# 67 SS 12 trans trouble



## 74pickup (May 28, 2009)

Help me Please My tractor just quit moving, no noise, no jumping, just quit while I was mowing. Belt is turning, both hi and low there is nothing. Any suggestions would be helpful.


----------



## TeamCheap (Dec 22, 2009)

OK I'm no expert by any measure but since no one else has chimed in I'll put my 2cents in.
(and most likely look foolish )

can you verify that the belt/pulley is turning the trans input shaft ?

I'm hoping you got lucky and maybe sheared the key there or at one of the wheel hubs.


----------



## 74pickup (May 28, 2009)

Well, Any help I can get even from non-experts:lmao: I'll check all of that Thanks


----------



## TeamCheap (Dec 22, 2009)

The only reason I thought of that is because I got a tractor and after I got it to run it wouldnt move then after looking around for a while I notice the shaft rotating in the wheel hub and thought DUH they just shoved some tires on with no key.

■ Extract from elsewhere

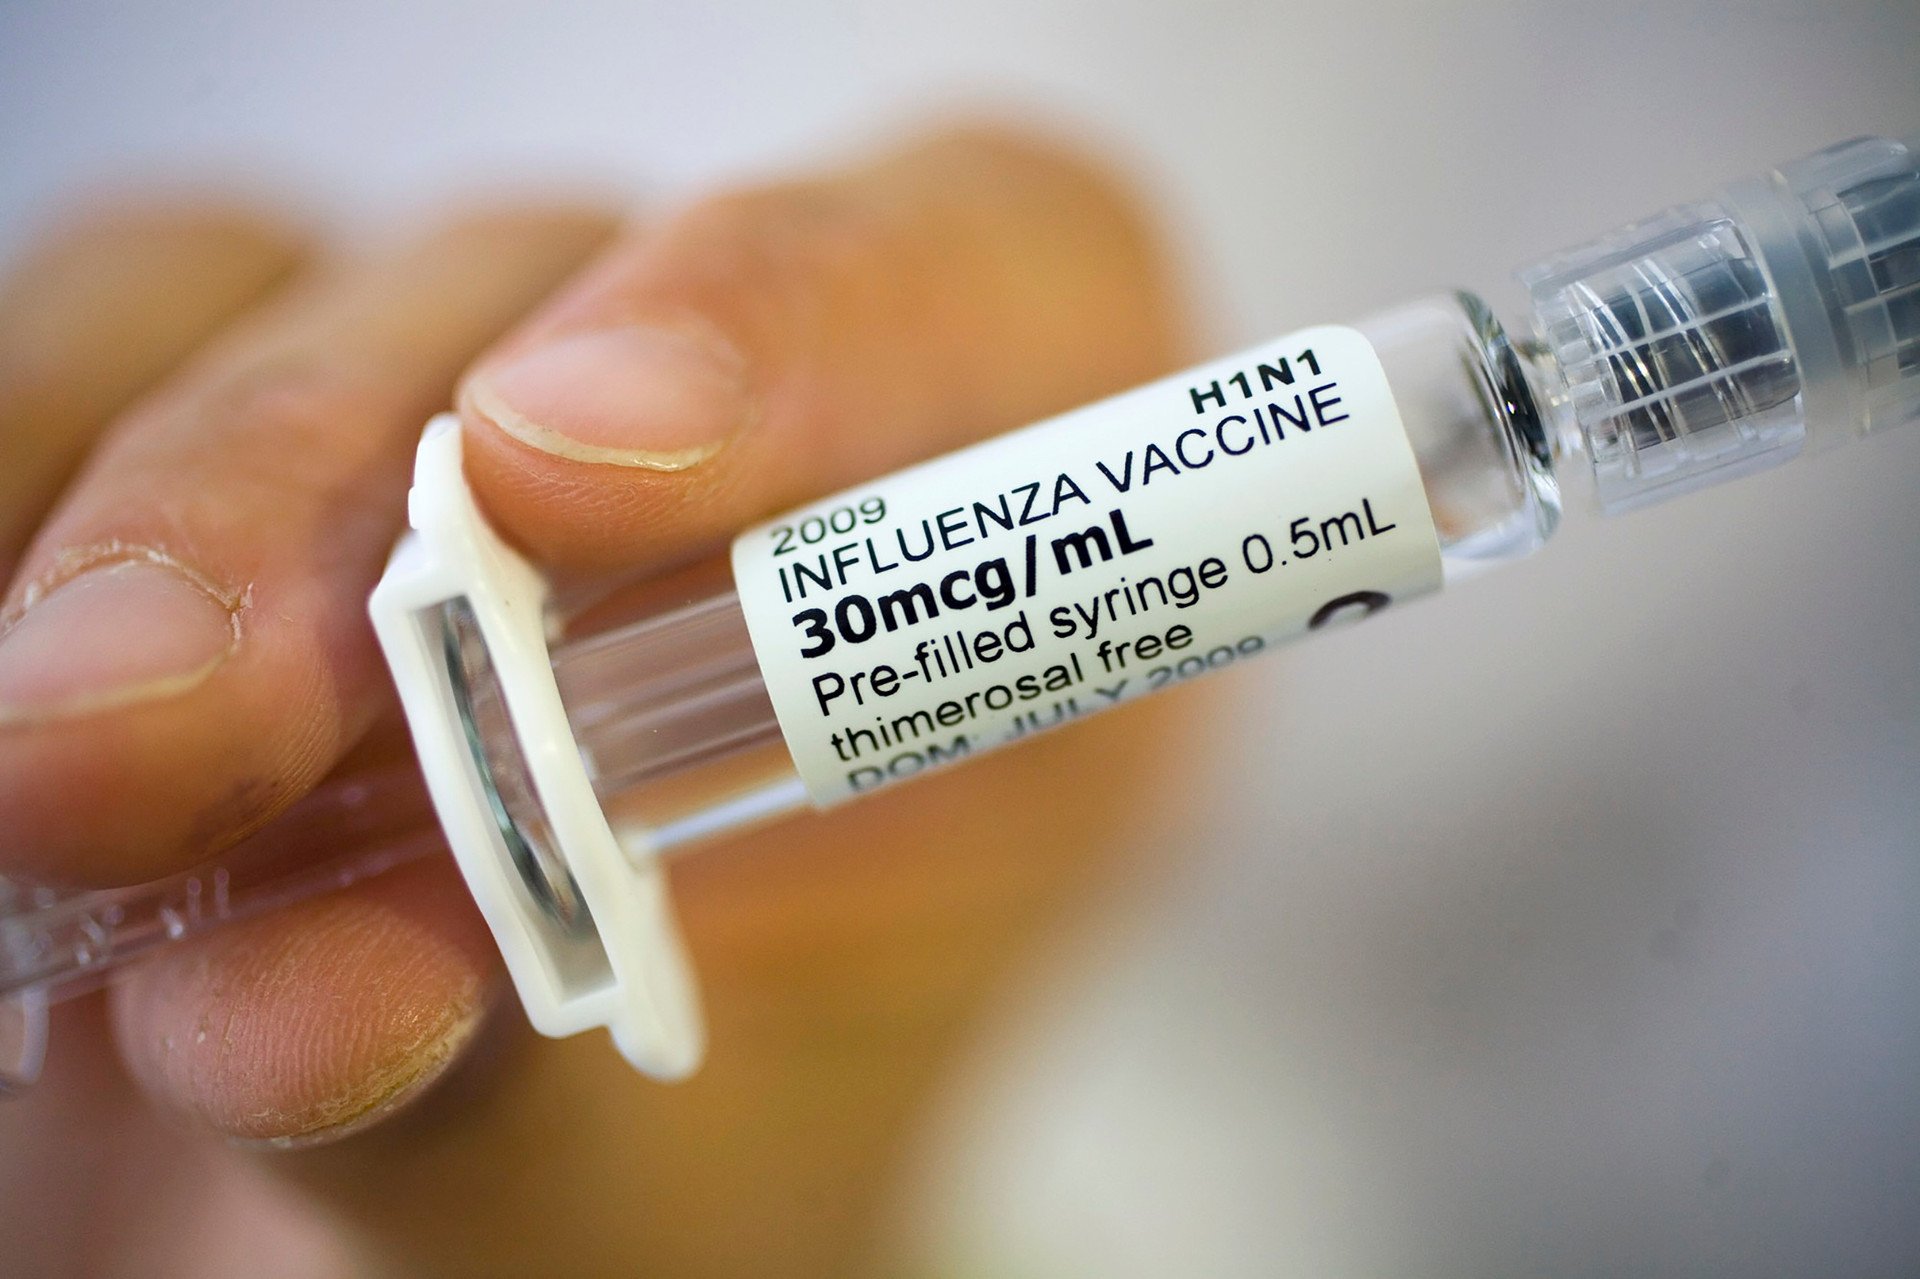 Sẽ tiêm miễn phí vaccine phòng ung thư cổ tử cung, cúm - 1

I really hope its something that simple for you.
If its not the pulley on the input shaft or one of the hubs I'd guess in the trans at that point.


----------



## 74pickup (May 28, 2009)

Team Cheap , you are the MAN!! The key was missing out of the rear axle. You saved me Hundreds! If only I know where to send it, Oh well, Thanks


----------



## TeamCheap (Dec 22, 2009)

Oh cool, I love it when its simple and cheap.


----------